Aashish Manglik thinks of himself as an unconventional thinker. It’s an identity shaped by growing up as an Indian immigrant in the Midwestern United States, where he often felt he would never quite fit in as an “American,” even after becoming a naturalized citizen.

“I think this instilled in me a desire to be the person who ‘thought differently’ in any group,” Manglik reflects. “This nonconformist thinking has helped me pick areas of science that are unique from what others are working on, or choose approaches that others may not take on.”

That outsider perspective has served him well over the years. As a physician-scientist at the University of California, San Francisco, Manglik’s work has reshaped how scientists understand cellular communication, uncovering hidden complexity in the molecular switches that control everything from the heartbeat to pain perception. Specifically, Manglik’s research focuses on how cells sense and respond to the world. 

“Just like we use our eyes and nose to see and smell, the cells inside us have their own ways of detecting what’s happening, like knowing when adrenaline is pumping during a stressful moment, or when blood sugar rises after a meal,” he explains. “These signals are how cells ‘talk’ to each other.”

Revealing Nuances

The key players in this interaction are G protein–coupled receptors (GPCRs), which are molecular sensors embedded in cell membranes. For decades, scientists viewed these receptors as simple on-off switches. But Manglik’s work revealed something far more nuanced.

These GPCRs exist in a rich landscape of conformations linked to distinct outcomes. Rather than binary switches, these receptors are sophisticated instruments that produce different signals depending on their precise molecular shape.

“This recognition of conformational flexibility not only explains the complexity of GPCR signaling but also opens the door to a new generation of medicines designed for exact cellular communication,” Manglik says. 

The implications of these results span medical fields.
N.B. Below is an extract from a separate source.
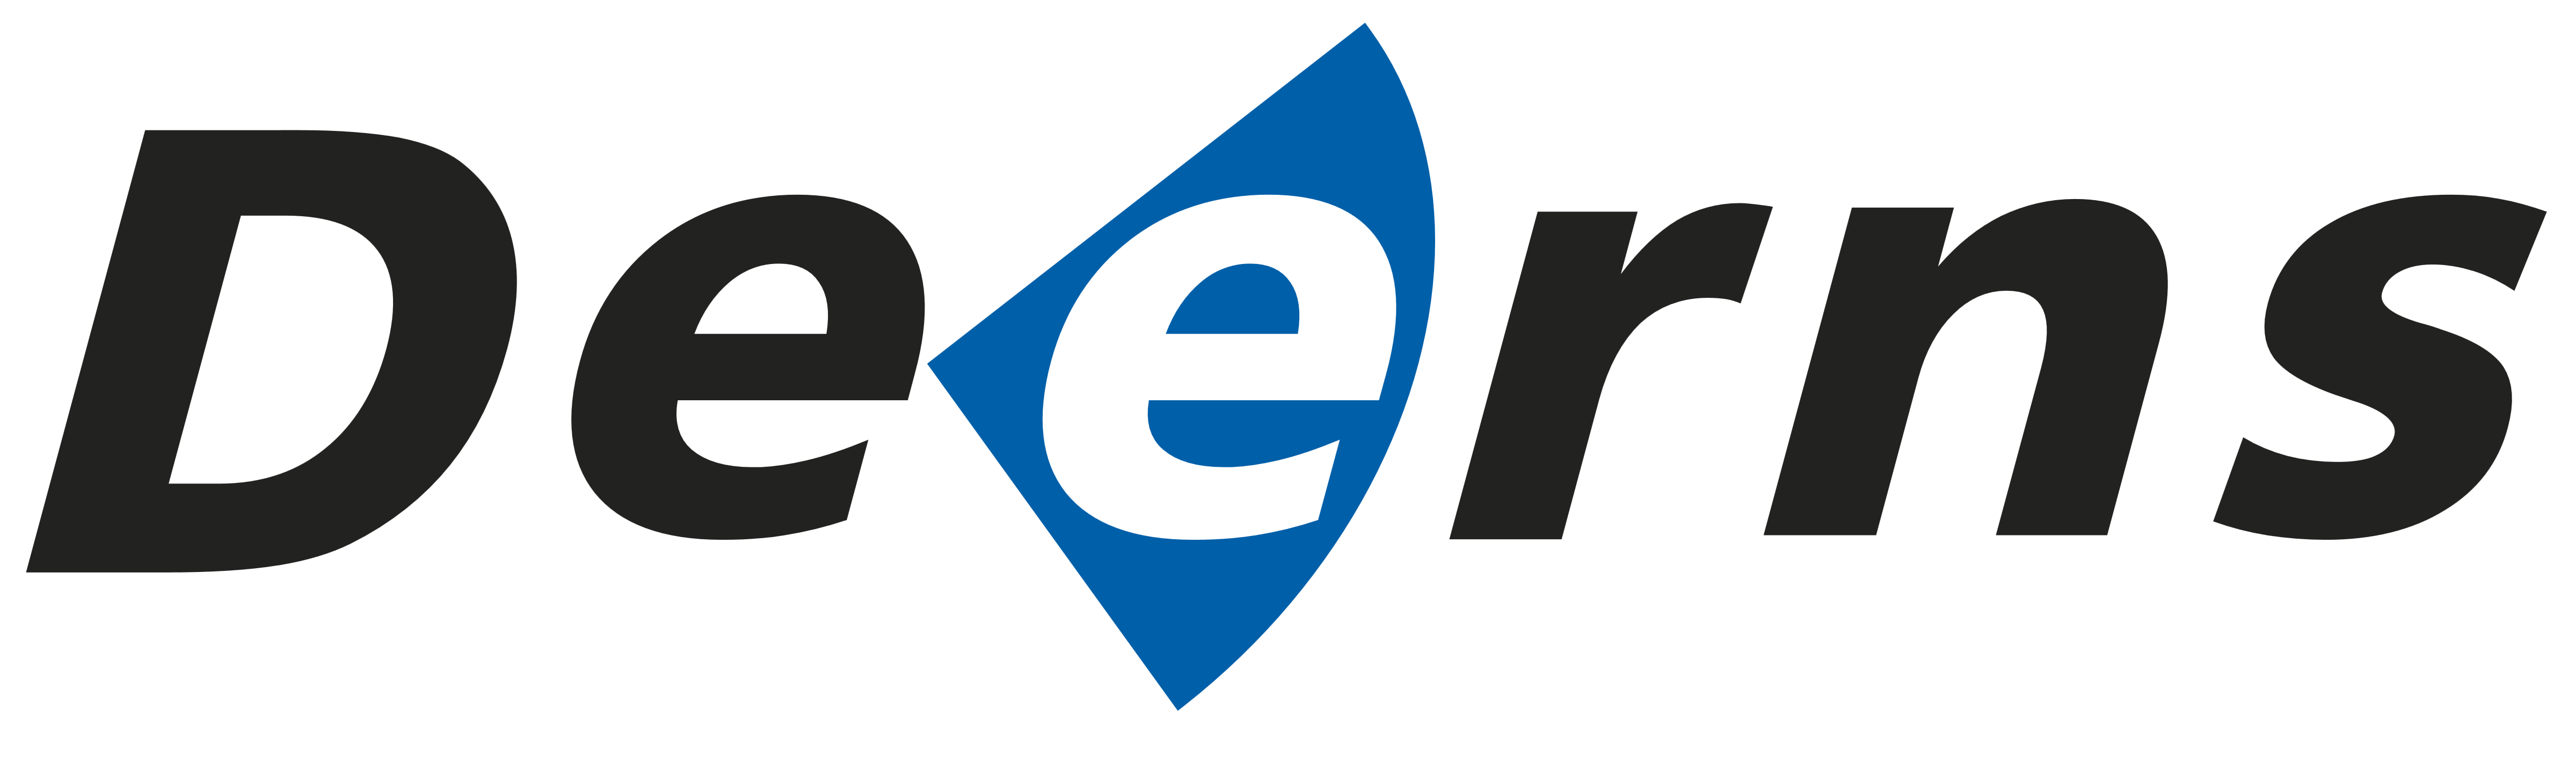 Deerns logo, logotype

Unlocking the conformational complexity of GPCRs allows researchers to create molecules that produce specific therapeutic effects, while potentially avoiding unwanted side effects.

“I enjoy learning about completely new areas of biology and medicine, the technological advances in diverse fields, and how to combine these with the research that we do in my lab,” Manglik says. “This creative playfulness to science keeps me motivated.”

Manglik has translated his discoveries into practical applications, founding two biotechnology companies: Stipple Bio and Epiodyne, which develop new therapeutics based on Manglik’s findings.

Immigrants Cross Borders in Life and Science 

The recognition that comes with the Vilcek Prize for Creative Promise holds particular meaning for him as an immigrant. “It affirms the choice to leave one home in search of possibility in another,” he says. “To be recognized alongside such extraordinary past recipients is an honor, and the real credit goes to my amazing trainees whose talent makes our discoveries possible and science worth doing.”

His career demonstrates that different viewpoints are invaluable. By refusing to accept conventional wisdom, Manglik has uncovered fundamental principles of how our cells react to the world, paving the way for new methods to treat disease.

His advice to young immigrant scientists reflects this perspective: “As immigrants, you’ve already crossed borders others wouldn’t. Do the same in science. Don’t settle for the mapped continents of knowledge; strike out for the undiscovered ones.”